最大の評価ポイントは、国際基準との整合性だ。22年に策定が始まった当初は日本独自の規定が散見されたが、「水平比較ができないと実務で使いづらい」という投資家の声が反映され、25年3月に確定した最終版で乖離は大幅に解消された。グローバルでの企業の水平比較が可能になったということである。
では、投資家はこの情報をどう使うことになるのか。
企業価値を評価する代表的な手法の1つ、DCF(ディスカウント・キャッシュフロー)法においては、分母に資本コストを置き、分子に企業が将来生み出すフリーキャッシュフロー(純現金収支)の予測値を置いて、現在の企業価値を算出する。

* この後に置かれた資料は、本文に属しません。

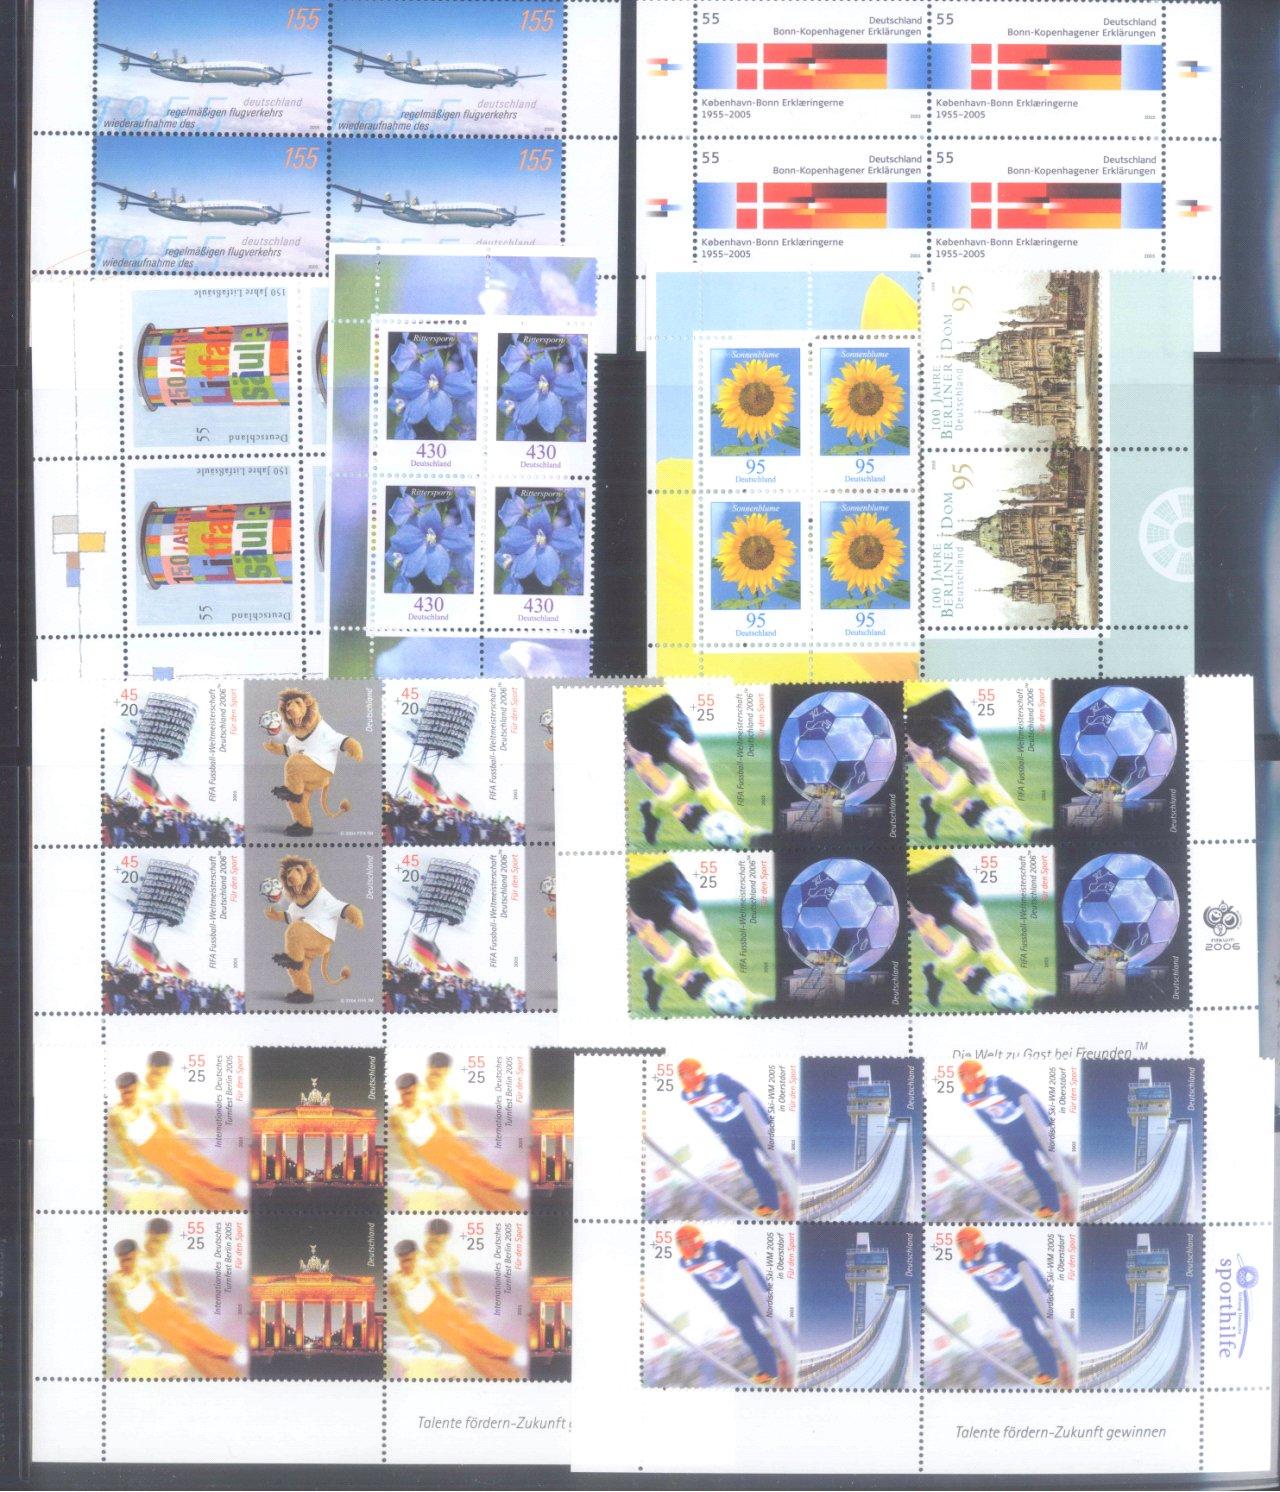 BUND 2005 postfrische 4er-BLOCK Sammlung, 168 EURO NOMINALE

これまでのESG情報は、分母に当たる資本コストの微調整役が主だった。「環境に配慮しているから、投資のリスクを低く評価できるだろう」という使われ方だ。
それが今後は、分子であるフリーキャッシュフローの予測精度を高めるための情報として位置付けが変わる。「この企業の5年後、10年後の売り上げやコストの前提をどう設定するのか」に直結する扱いだ。
気候変動への対応、サプライチェーンの強靭性、人的資本の充実度、ガバナンスの実効性──こうした要素が、将来の稼ぐ力を左右すると考えられている。とりわけ投資家が重視するのはガバナンスだ。責任の所在は誰にあり、取締役会でどんな議論が何回行われているのか。
つまり、投資家が見つめているのは「環境貢献のストーリー」だけではない。重要なのは、システムが適切に機能しているかどうかである。